— Людмила Михайловна, как Вам прошедший недавно на Первом фильм к 80-летию со дня рождения Владимира Георгиевича? По-моему, пока что самый удачный из всех, что были до сих пор на российском телевидении…
— Я считаю, этот фильм настоящий документальный. Из всех, что я видела. Андрей Сысоев (автор сценария – прим. авт.) – он ведь беларус, когда-то уехал в Москву. Ну и вот образовалась такая команда, объединённая идеей создать настоящий фильм о «Песнярах». Думаю, все остались довольны. Они настолько глубоко проникли в детали… И описали правдиво, справедливо. Кстати, у них осталось ещё много материала, и, насколько я знаю, Андрею поступило предложение продолжать эту тему. Так что, надеюсь, мы увидим ещё фильмы…
— Да, очень хотелось бы. Жаль, что Леонид Борткевич уже не сможет принять в них личное участие… Когда Вы последний раз виделись с ним?
— Ещё до нашей последней встречи с Лёшей наш поэт Андрей Скоринкин сделал редакцию «Кургана». Концерт проходил в концертном зале «Минск» и был приурочен к 75-летию со дня рождения Владимира Георгиевича. В программу были приглашены Борткевич, Кашепаров, а первым отделением шла рок-опера в редакции Скоринкина, и он играл там главную роль. Вообще, его голос удивительно идентичен, настолько похож на мулявинский, интонации, даже тембр. Он с детства обожал Мулявина, его песни, «Крик птицы» поёт великолепно. Тогда мы и встретились: Лёнечка, Кашепаров, я. Ну, что я тебе скажу… Мы фотографировались в музее Владимира Георгиевича, на третьем этаже. И когда поднимались на третий этаж, я не могла понять, спрашиваю: «Лёнечка, что с тобой? Ты чего-то по одной ступеньке идёшь…» Меня даже охватил ужас, думаю, неужели он болен. Но он ничего не сказал конкретно о болезни, просто говорит: «Люда, я так болен, ты не представляешь. Ну, ничего, ничего, пойдём…». Это было пять, уже почти шесть лет назад. И больше мы после этого не виделись… На его постпесняровских жизненных этапах мы иногда встречались, что-то обговаривали. Знаешь, когда встретишься, всегда какая-то задушевность, теплота, такие воспоминания…что порой даже забываешь спросить: а что ты сейчас делаешь, чем занимаешься? Но, конечно, Лёшу тоже всегда интересовало то, чем занимаются его друзья. Мне в нём это очень нравилось. ОН, может, и не мог в силу каких-то обстоятельств каждому уделить внимание, но я знаю, что он думал о своих друзьях.
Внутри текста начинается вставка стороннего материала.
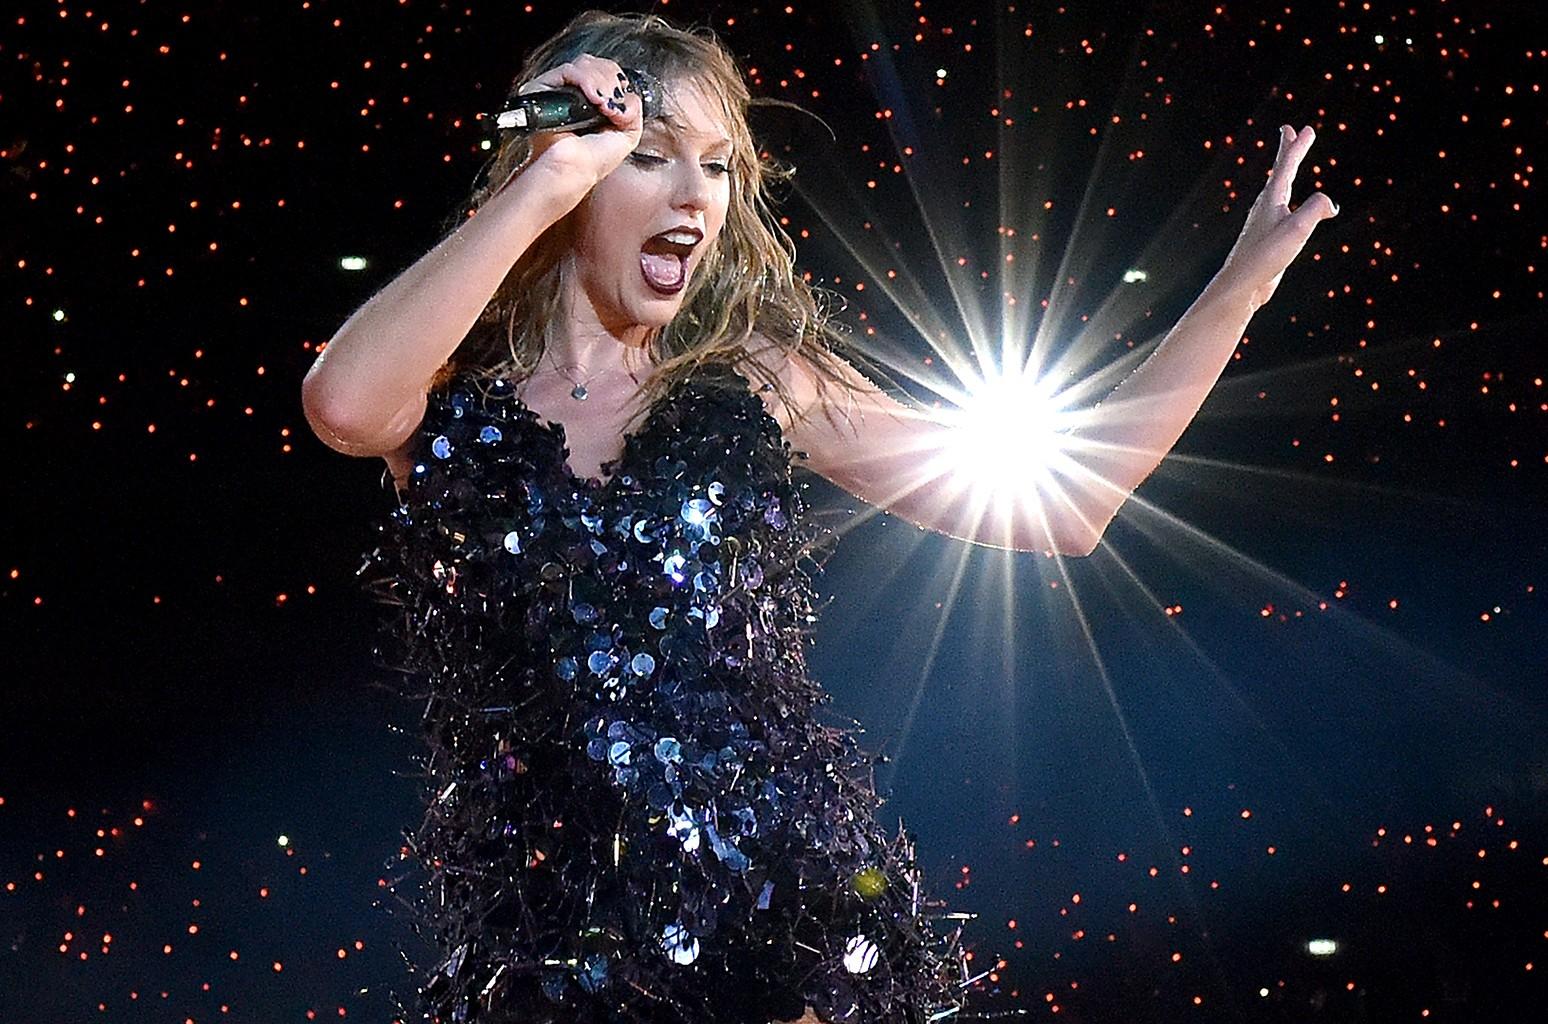 Тейлор Свифт устроила танец Джимми Батлера «22» в раздевалке «13/10»

Он очень впечатлительный, утончённый. У него, как бы это сказать тебе… столько вкуса, понятий. Он совсем не простой человек. С ним очень интересно общаться на абсолютно любые темы. Начиная от Земли и заканчивая небесами… Образование у Лёши, конечно, было шикарное.
— Сначала архитектурное…
— Архитектура – это раз. Это же нужно всё видеть в картинках, образно мыслить…
— Причём успел поработать в качестве архитектора.
— Да, да. И плюс ГИТИС. Он шёл туда не за дипломом. Почему у них и случился разрыв с Мулявиным: Лёша хотел учиться, а не просто получить диплом. Он если чем-то занимался, всегда целенаправленно, центробежно, если можно так сказать. То есть брался за какое-нибудь дело и доводил до конца. Мне это, конечно, очень нравилось. В общем, серьёзно относился к своей жизни. Ещё он был очень добрый человек. Помню, когда ушёл от первой жены – оставил всё. Говорит: «А мне не нужно ничего. Главное, чтобы им было хорошо». Знаешь, когда начинаются эти делёжки, суды…
— Ну да, сейчас это, к сожалению, модно.
— Он вообще этого не понимал! У него была любовь, красивая женщина. Но так получилось – влюбился в Ольгу Корбут… Их сын Ричард был на похоронах. И его младший, Кристиан, тоже. Ричард сказал примерно следующее: «Такой отец, как мой – это значит самый высокий отцовский дар. Так он умел со мной общаться…». Прекрасные слова. Понятно, что он пронесёт это через всю жизнь…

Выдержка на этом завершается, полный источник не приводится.